*** Opening of SOURCE DATA ***

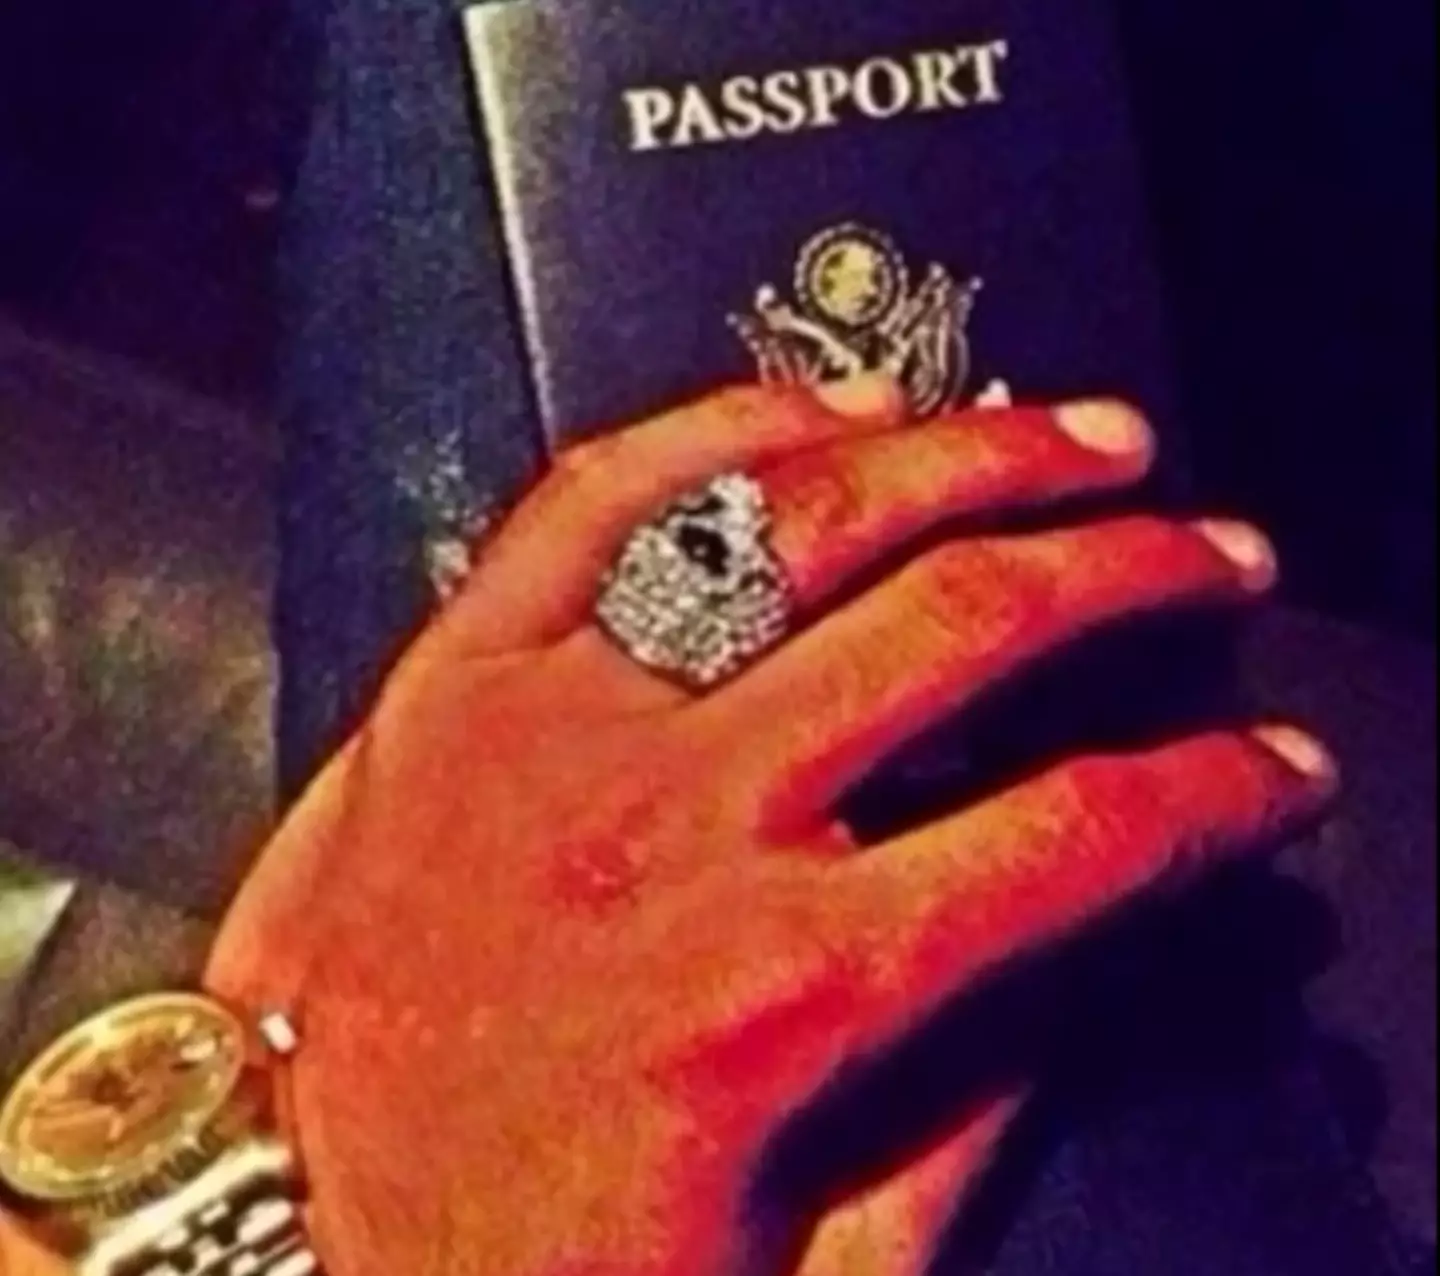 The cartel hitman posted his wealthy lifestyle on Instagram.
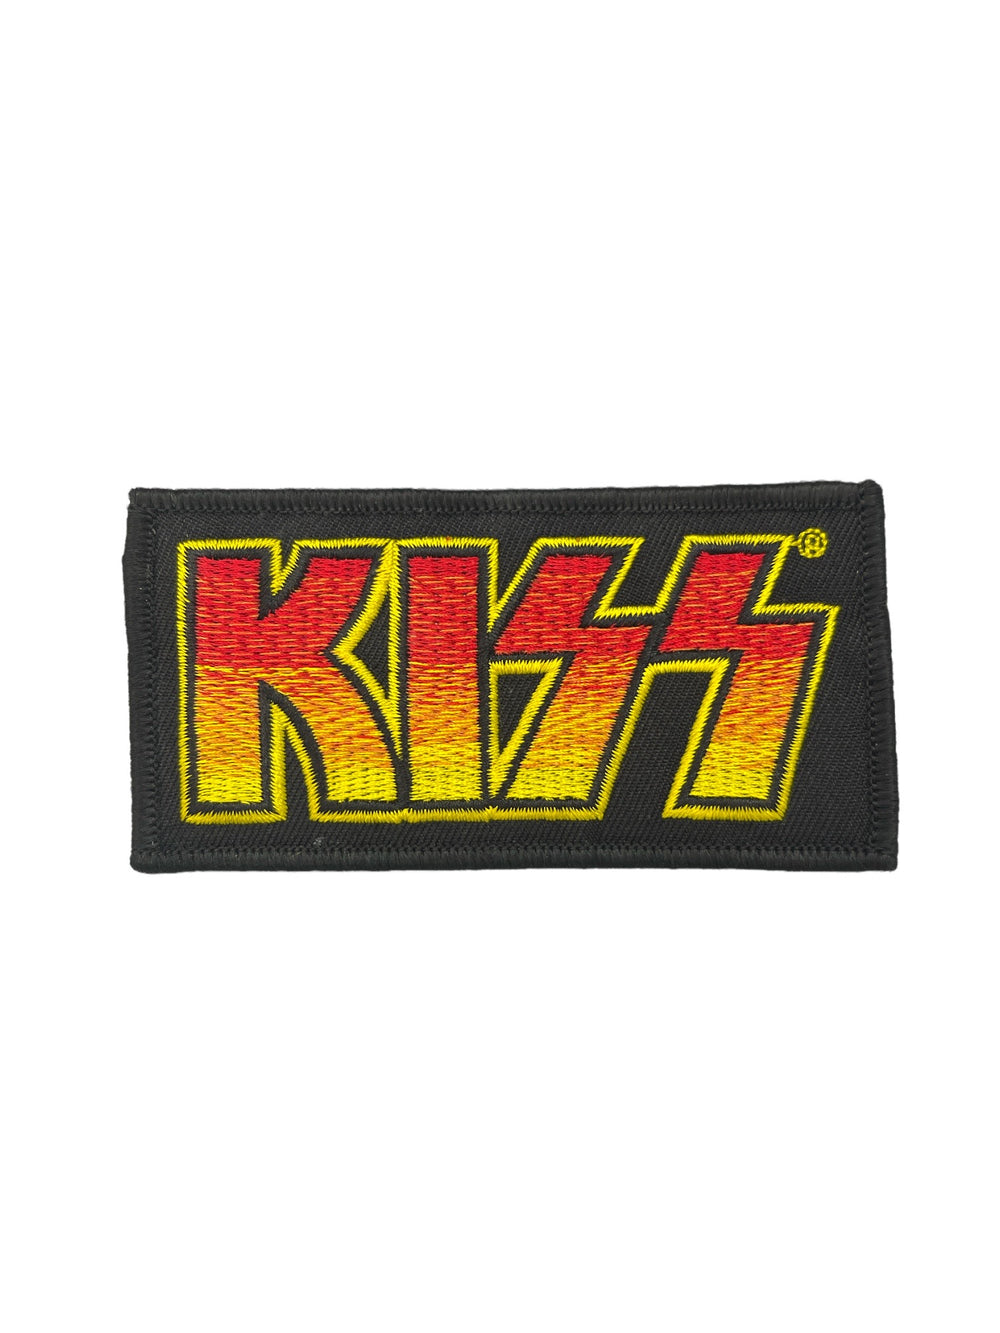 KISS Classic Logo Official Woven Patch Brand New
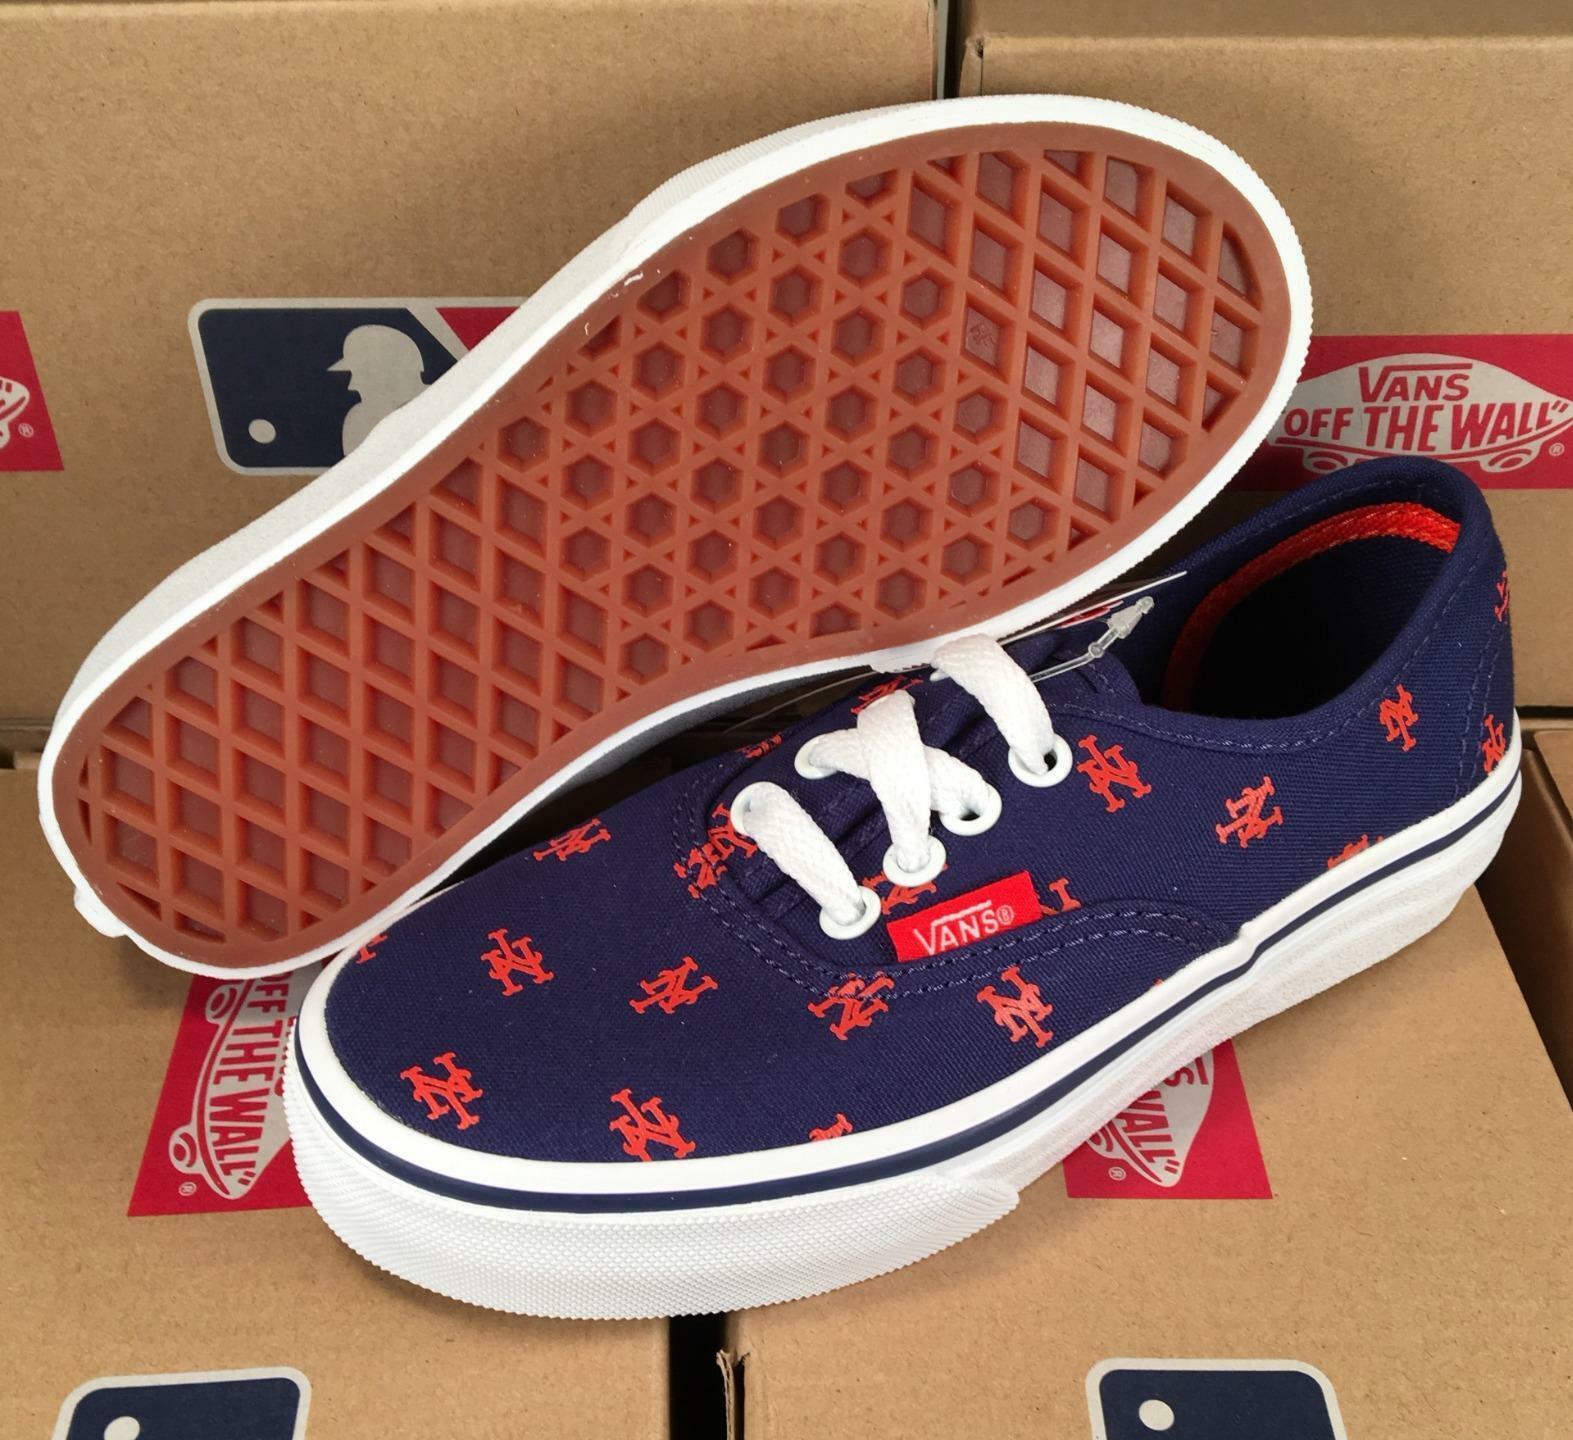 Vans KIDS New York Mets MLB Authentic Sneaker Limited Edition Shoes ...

*** Close of SOURCE DATA ***

EXERCISE DESCRIPTION:
In the answer, the data should reappear exactly, with no pictures.

RESULT OF THE EXERCISE:
 The cartel hitman posted his wealthy lifestyle on Instagram.
 KISS Classic Logo Official Woven Patch Brand New
 Vans KIDS New York Mets MLB Authentic Sneaker Limited Edition Shoes ...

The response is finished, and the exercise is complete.